Building an MCP Server with Unstructured API

Maria Khalusova

Unstructured

Imagine telling Claude to preprocess your unstructured data, making your documents RAG-ready. Or seamlessly asking it questions about any document—without worrying about file type limitations. How would you make that possible? Unstructured provides all the tools you need for data processing, but how can Claude Desktop, Cursor, or your LLM agent access and use them? That’s where the Model Context Protocol (MCP) comes in.

In this tutorial, we'll walk through building an MCP server that integrates with the Unstructured API. You'll learn the fundamentals of MCP architecture, explore Unstructured’s capabilities, and follow a step-by-step implementation guide. While this tutorial doesn’t cover full MCP integration, it provides a solid foundation to get you started.

What is MCP?

Model Context Protocol (MCP) is an open protocol that standardizes how applications provide context to LLMs. Think of it as a common language that helps LLMs communicate effectively with your applications. MCP is particularly powerful because it:

  • Standardizes context delivery to LLMs

  • Enables building complex workflows and agents

  • Promotes reusability and interoperability

  • Simplifies the integration with different APIs

Unlike other integration methods that might require custom implementations for each LLM model, MCP offers a standardized approach that will work across different clients. Once you build your MCP server, you can use it from Claude, or Windsurf, or any custom LLM tool or agent.

Why Unstructured API?

Unstructured API is a powerful interface to the Unstructured Enterprise ETL product that is designed for processing and managing unstructured data for GenAI applications. The API provides all of the capabilities that are currently available via Unstructured UI, for example:

  • Managing document processing workflows

  • Handling multiple source and destination connectors

  • Extracting and structuring content from various document formats

  • Automating document processing pipelines

By building an MCP server over Unstructured API you can provision Unstructured data for your GenAI systems by simply telling your LLM what to do in natural language!
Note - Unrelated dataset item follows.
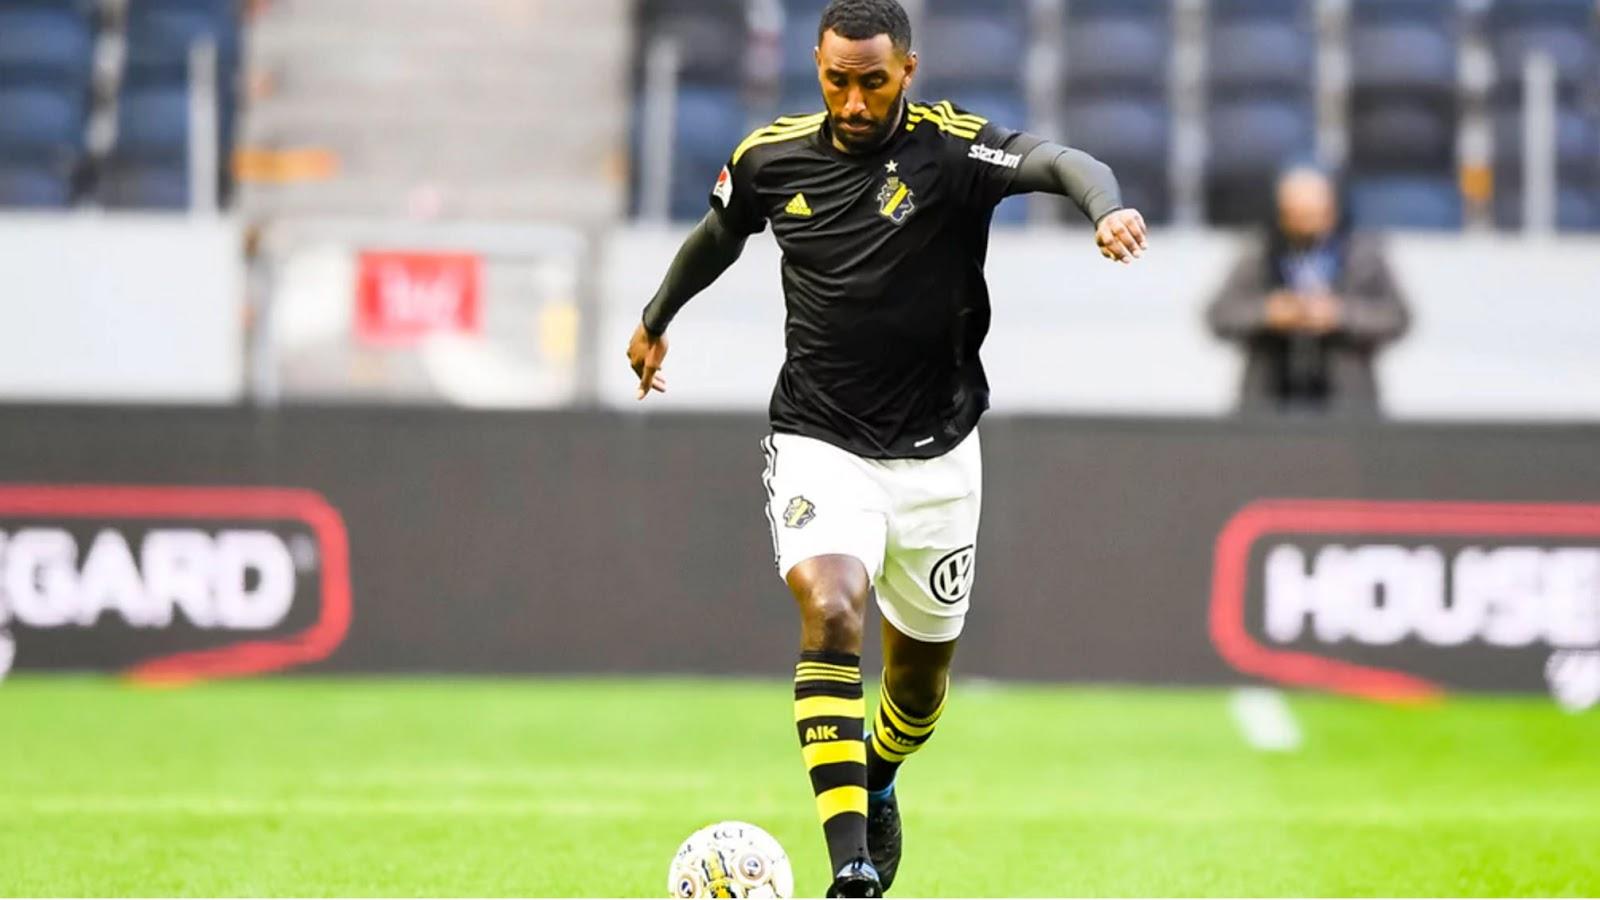 <Eritrean National team player Henok Goitomscores for AIK. Alexander Isak Scores for Sweden under 19.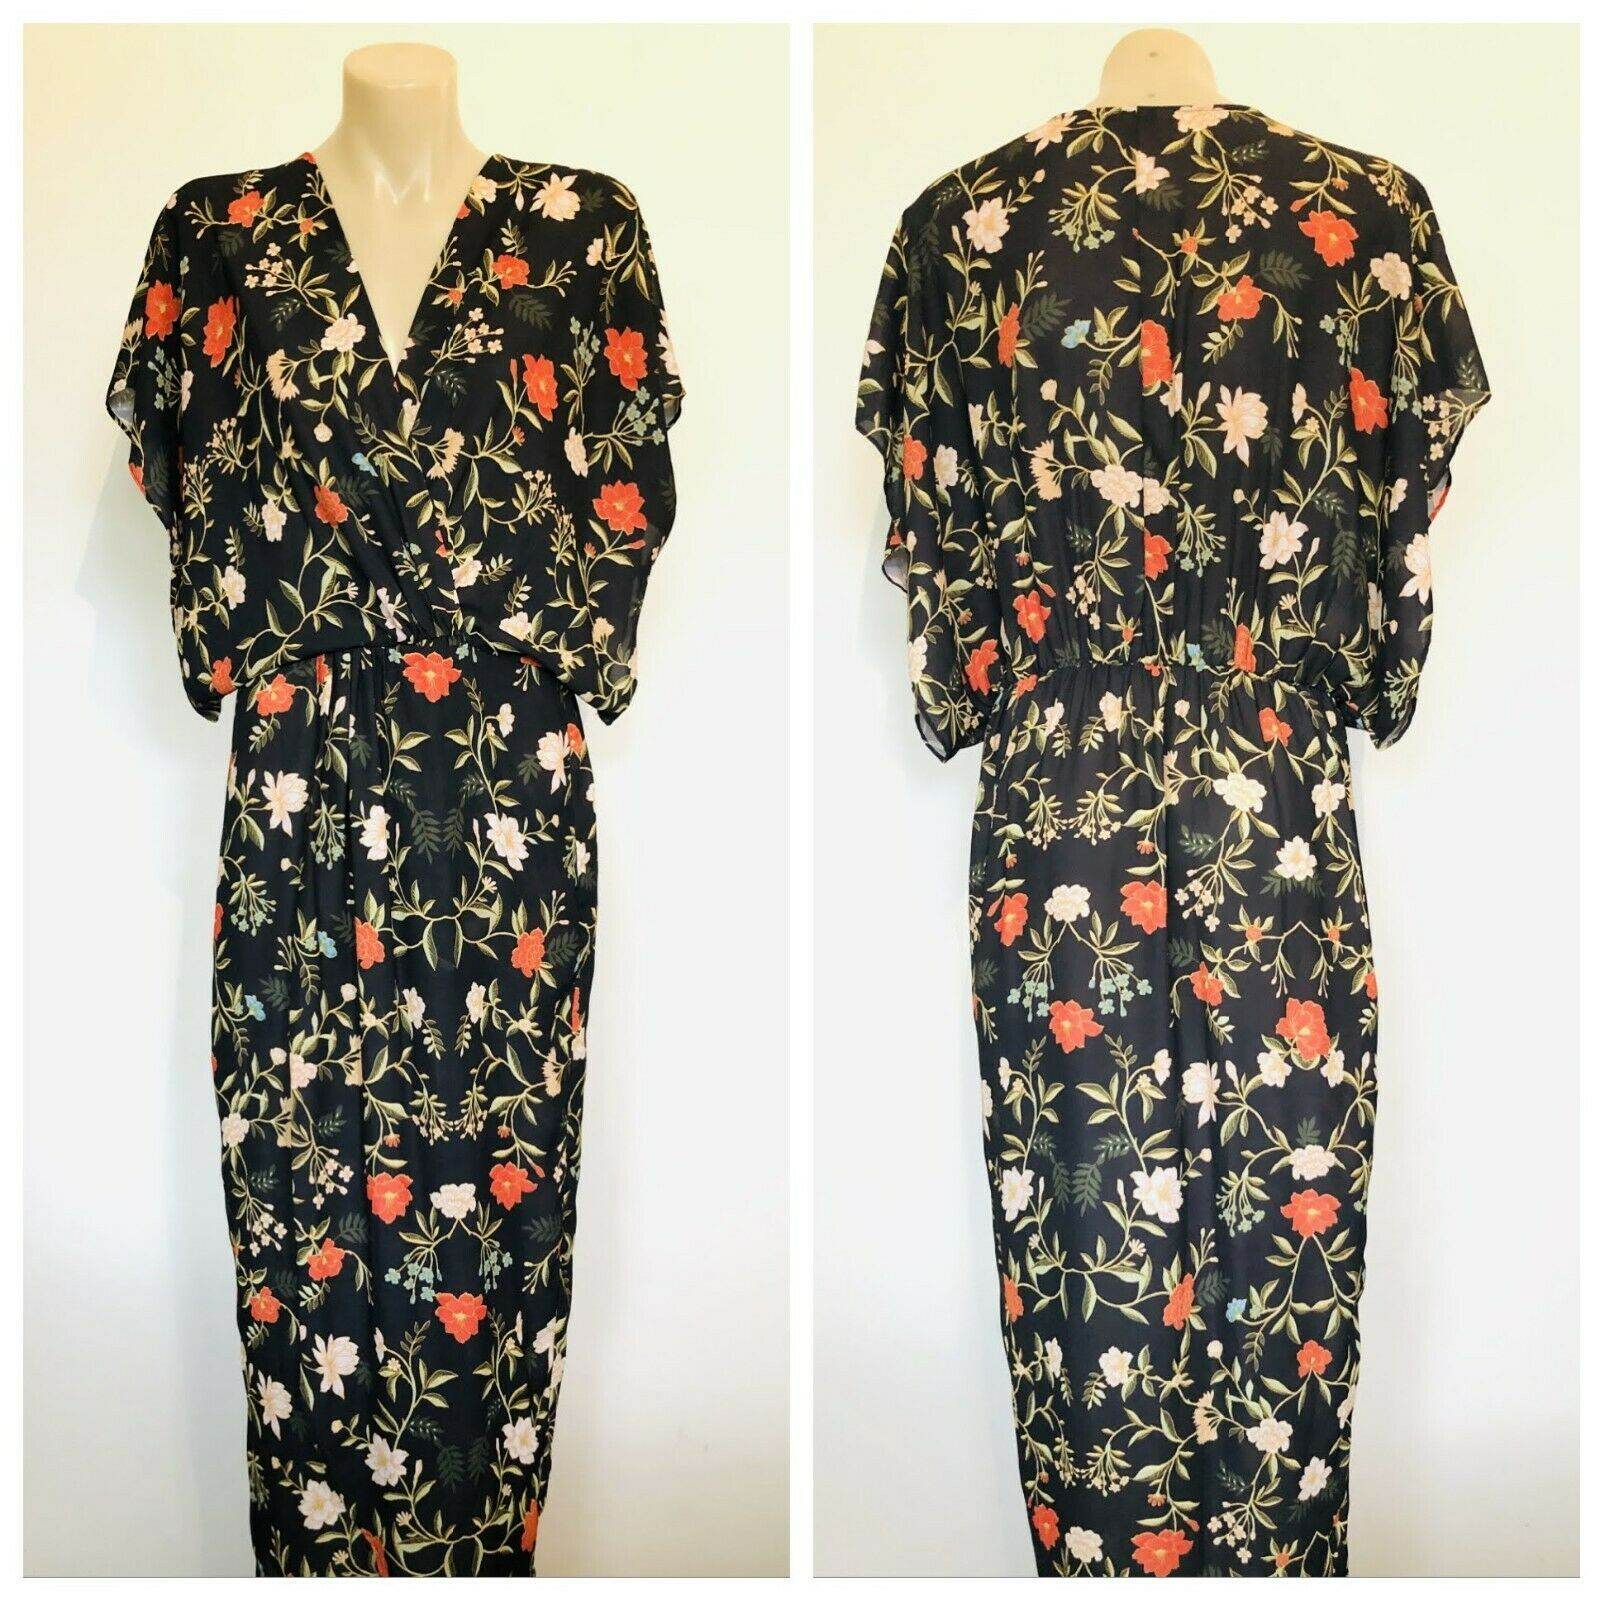 SHEIKE Women Long Black Floral Dress Short Sleeve Size 8 (S)

Imagine asking your LLM, in English, for GenAI ready data: 

  • "Transform these PDFs into JSON"

  • "Convert data from this S3 bucket to JSON"

  • "Run this Unstructured workflow: transform, chunk, and embed the data in my Google Drive with text-embedding-3-small and push it to Pinecone"

Once built, you can integrate your MCP server with Claude Desktop, Cursor, Windsurf or any other client to control the entire data preprocessing as if you were chatting with your team mate. 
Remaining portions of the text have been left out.